*** Block opens ***
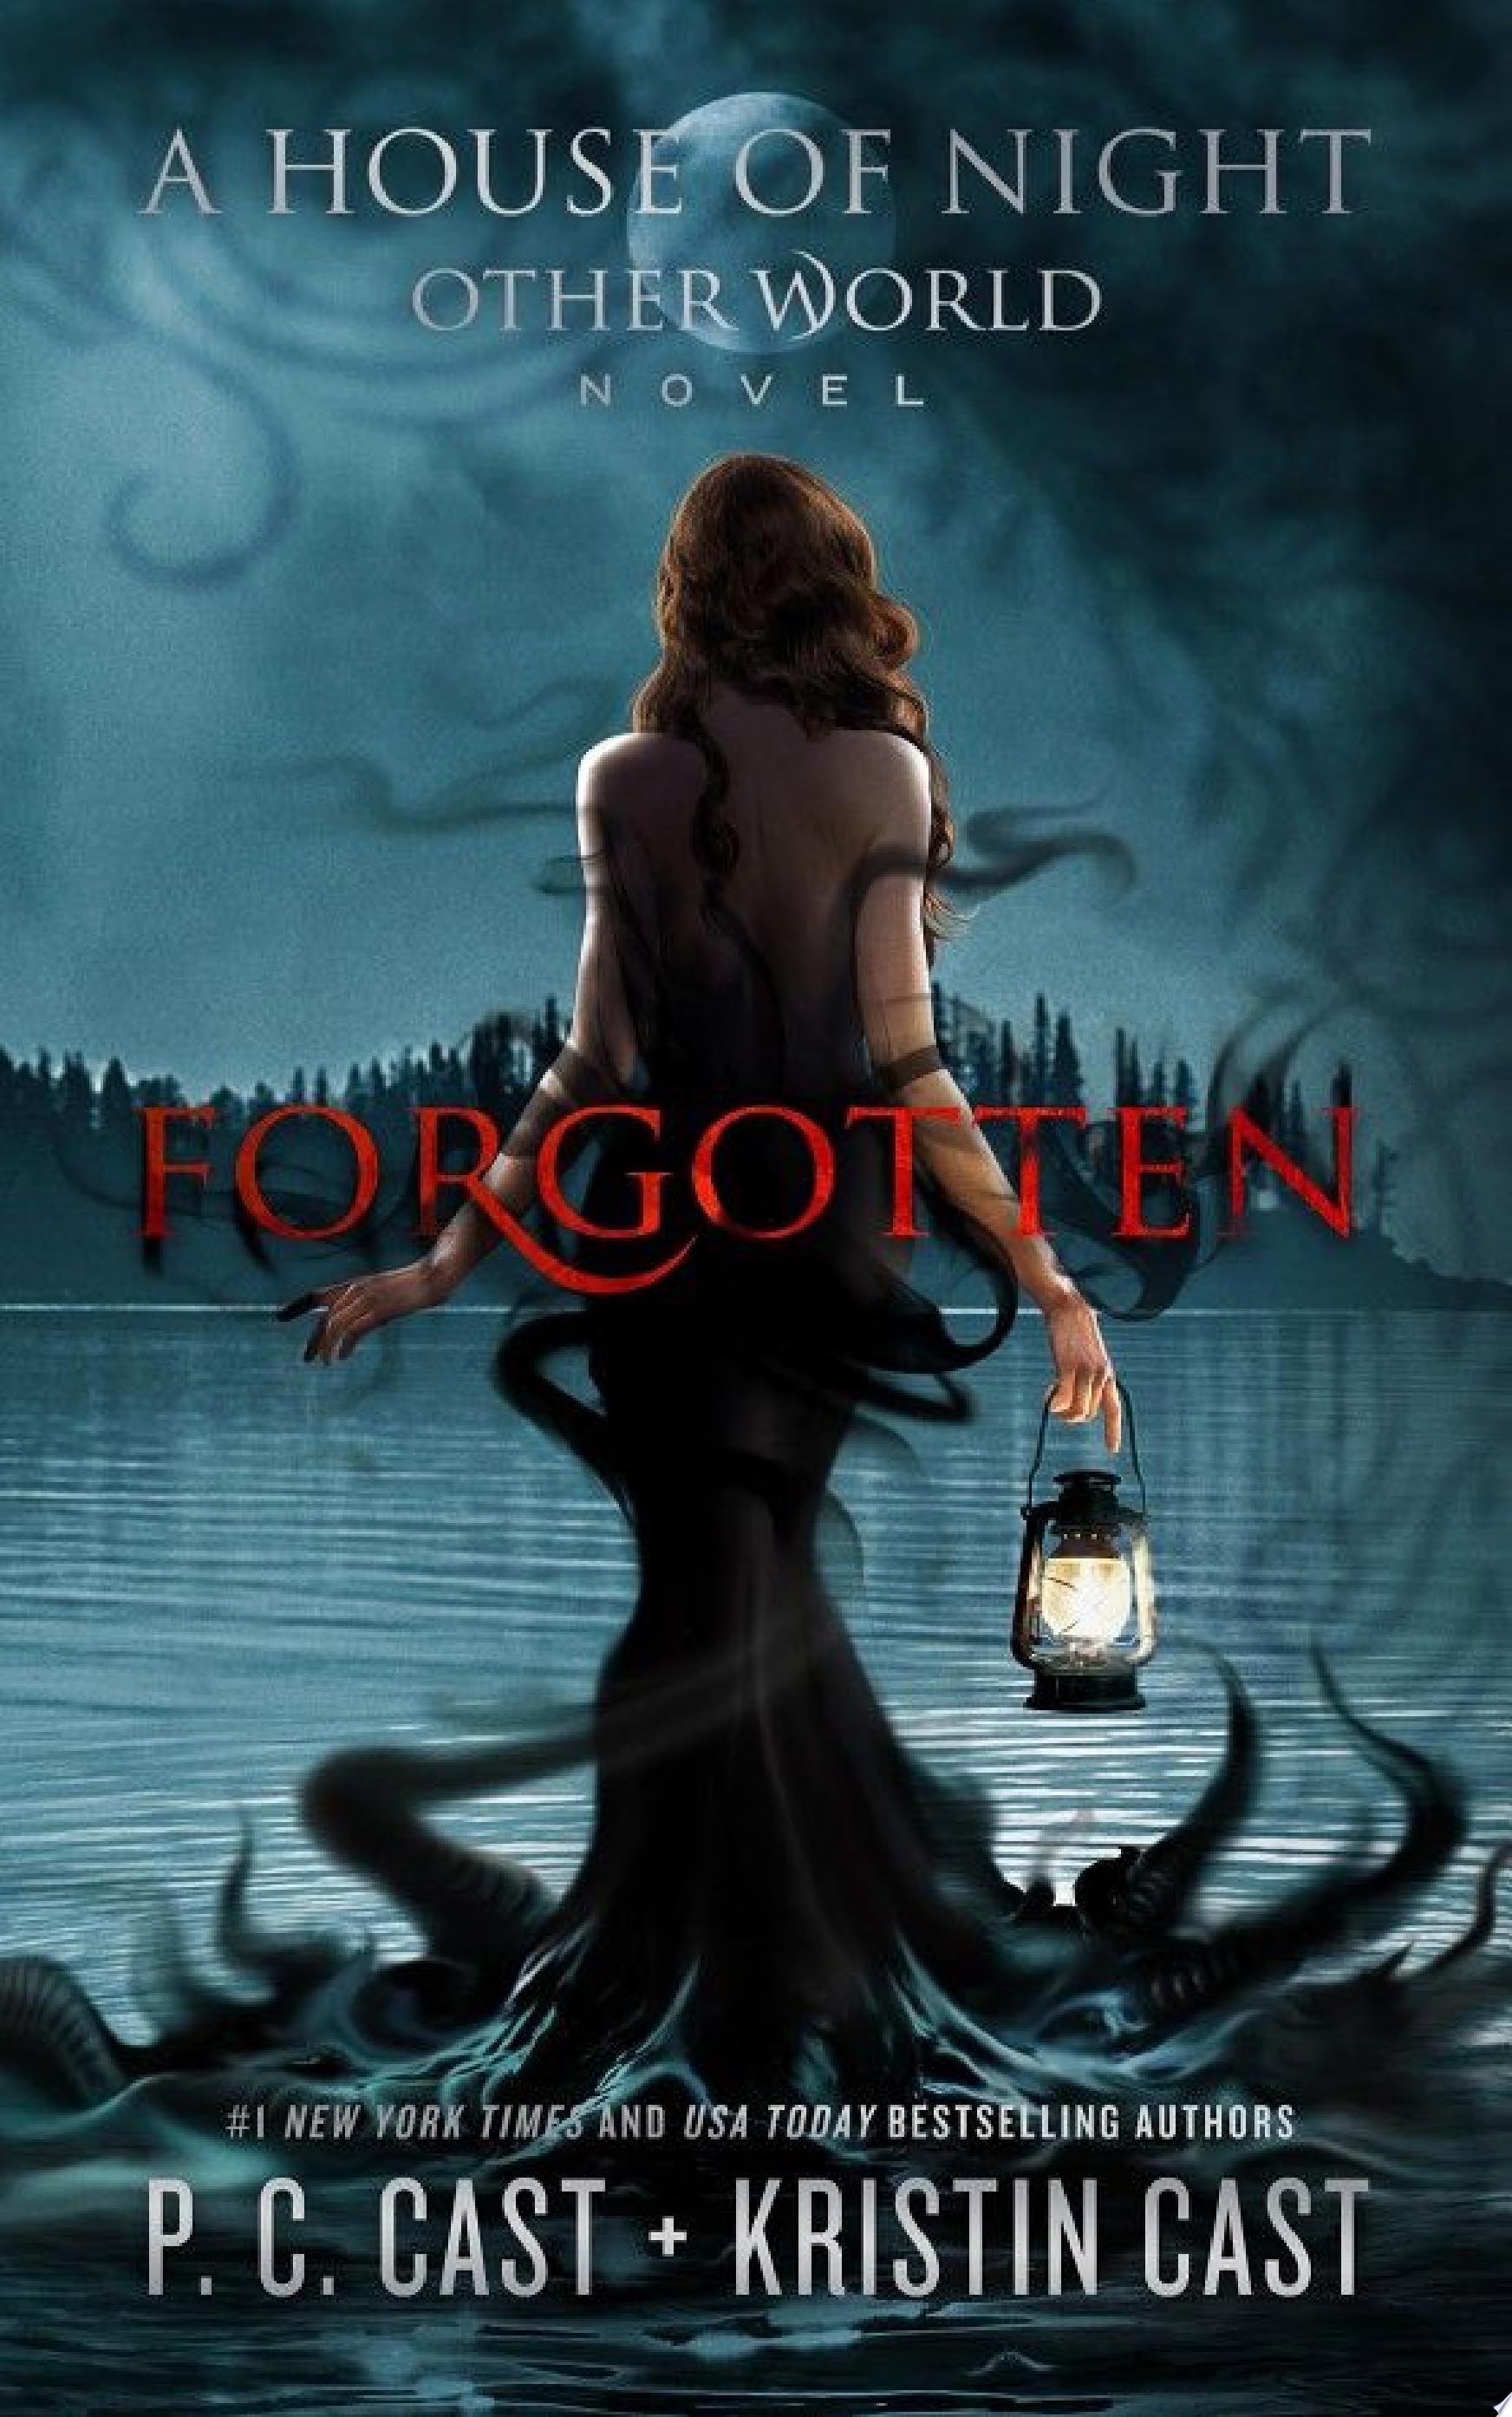 Image for "Forgotten"
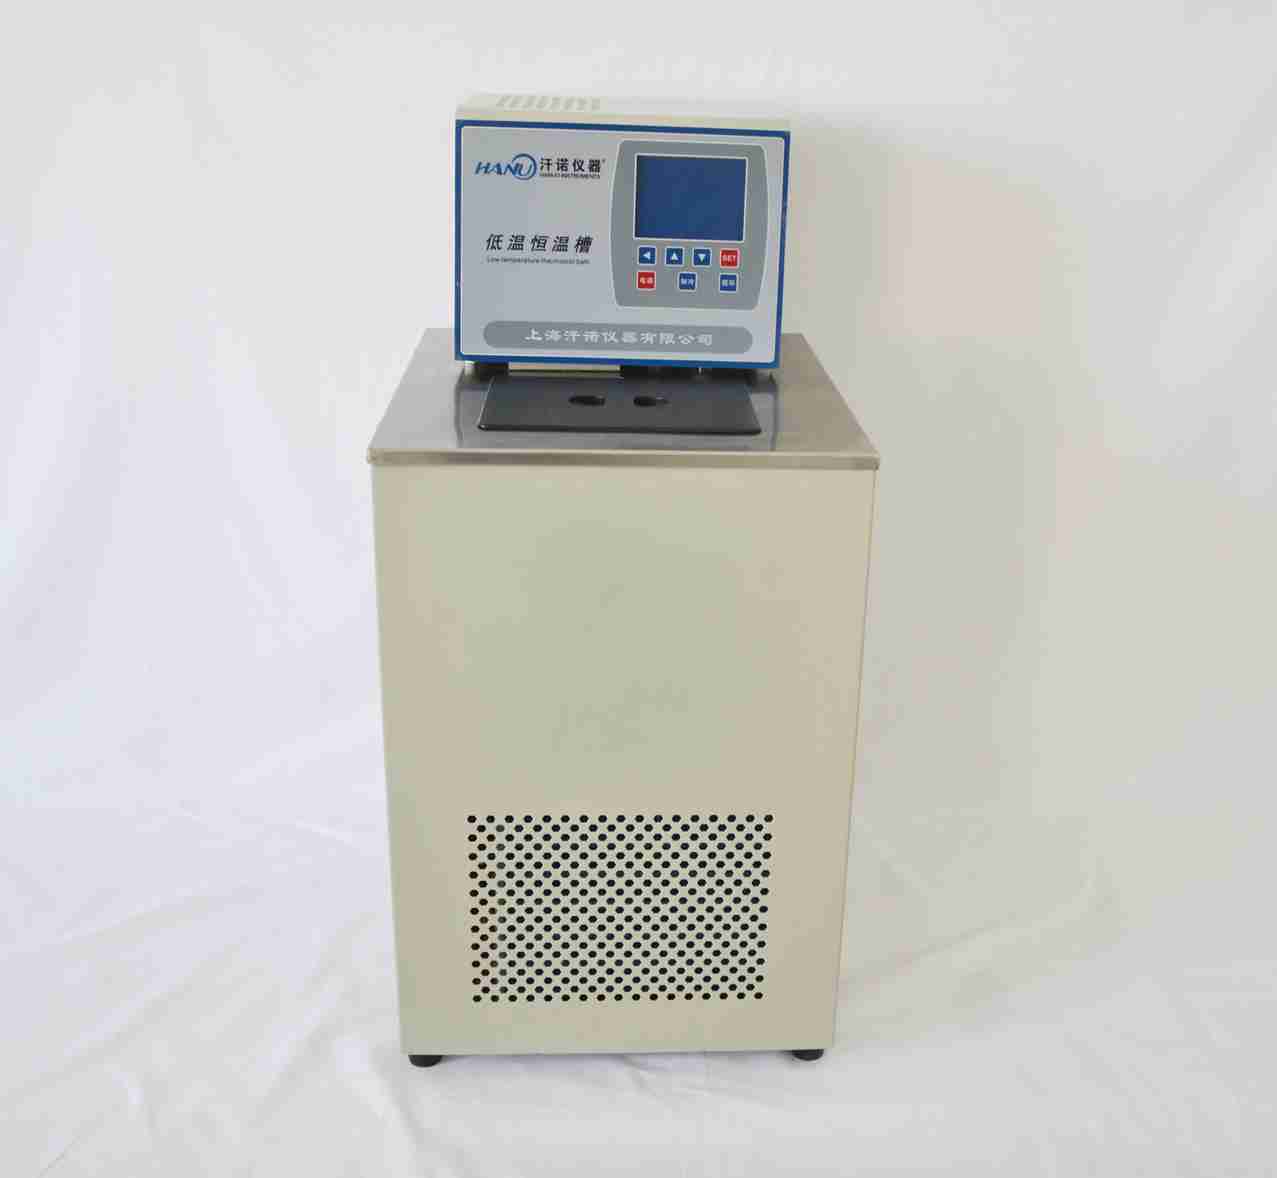 低温恒温槽/恒温循环水浴/卧式低温恒温槽上海达洛科学仪器有限公司
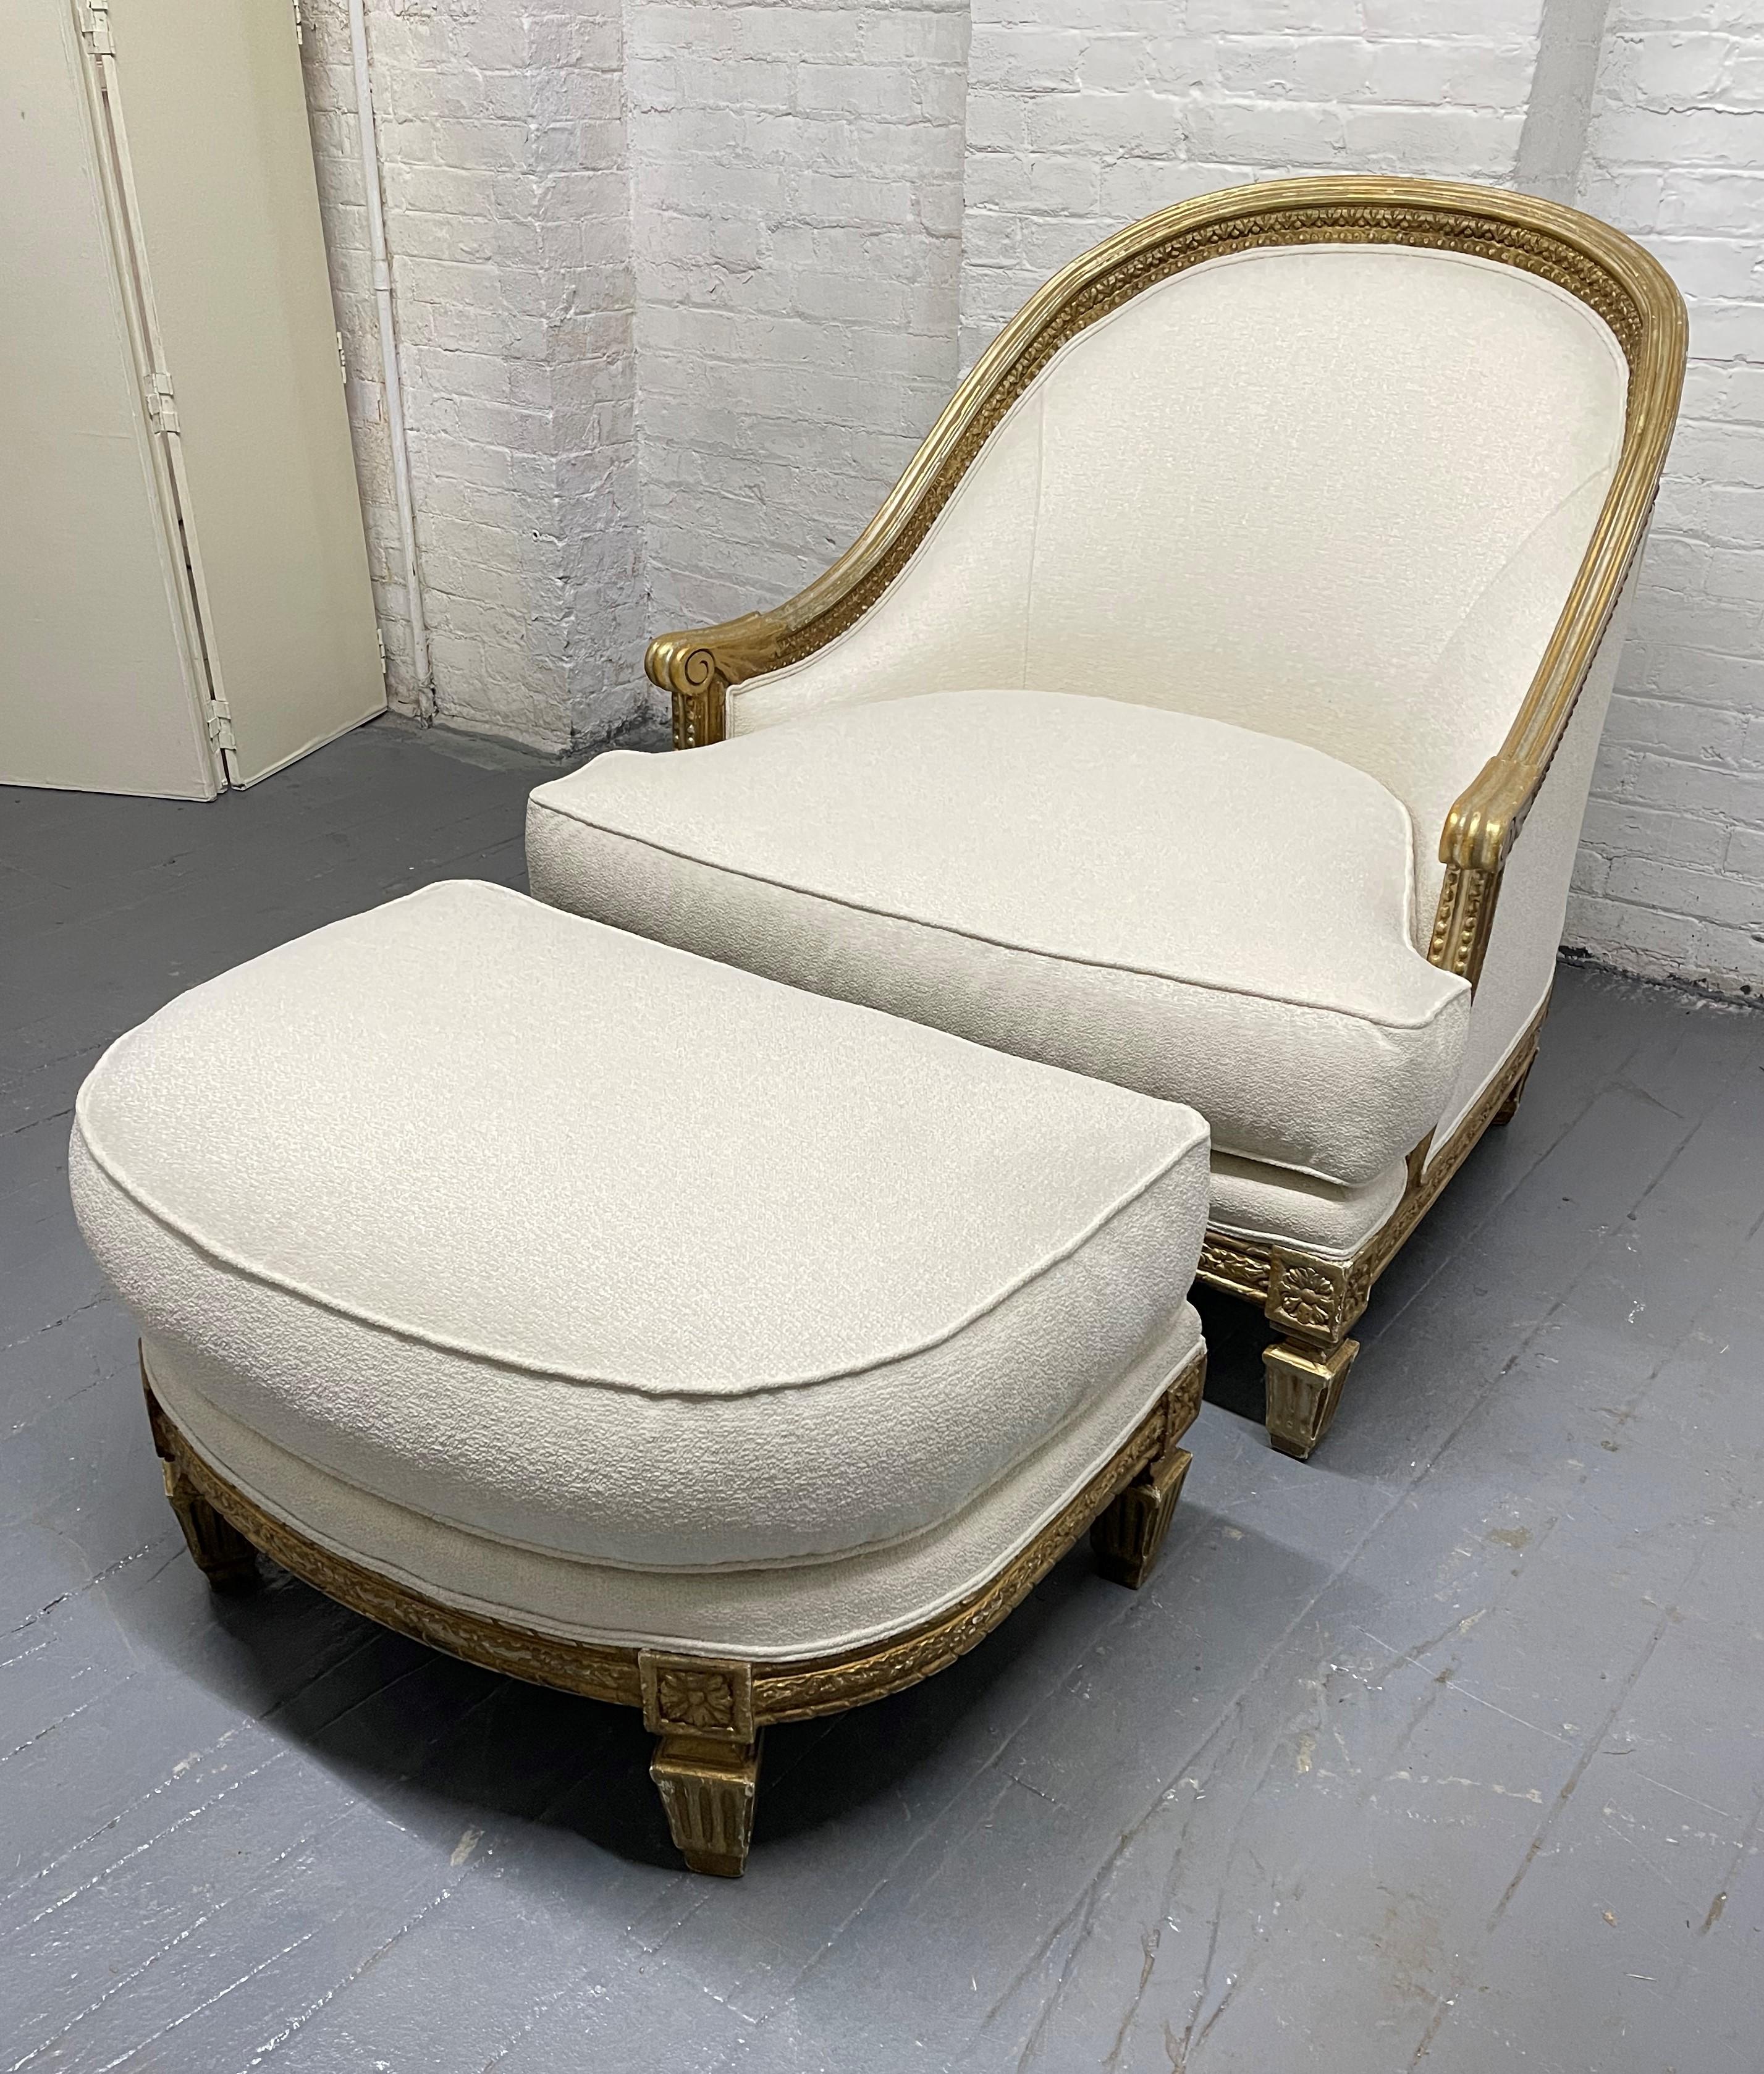 Chaise longue et ottomane Ralph Lauren de style ancien. Le cadre de la chaise et de l'ottoman est en bois doré. La chaise et l'ottoman sont nouvellement tapissés.
Mesures (chaise) : 37 H x 36 L x 36 P. Hauteur du siège : 18 cm.
Ottoman : 30,25 L x
*** Block closes ***
- **Assignment**
The required answer is the material repeated exactly, with no images in it.

- **Task solution**
 Image for "Forgotten"
 低温恒温槽/恒温循环水浴/卧式低温恒温槽上海达洛科学仪器有限公司
 Chaise longue et ottomane Ralph Lauren de style ancien. Le cadre de la chaise et de l'ottoman est en bois doré. La chaise et l'ottoman sont nouvellement tapissés.
Mesures (chaise) : 37 H x 36 L x 36 P. Hauteur du siège : 18 cm.
Ottoman : 30,25 L x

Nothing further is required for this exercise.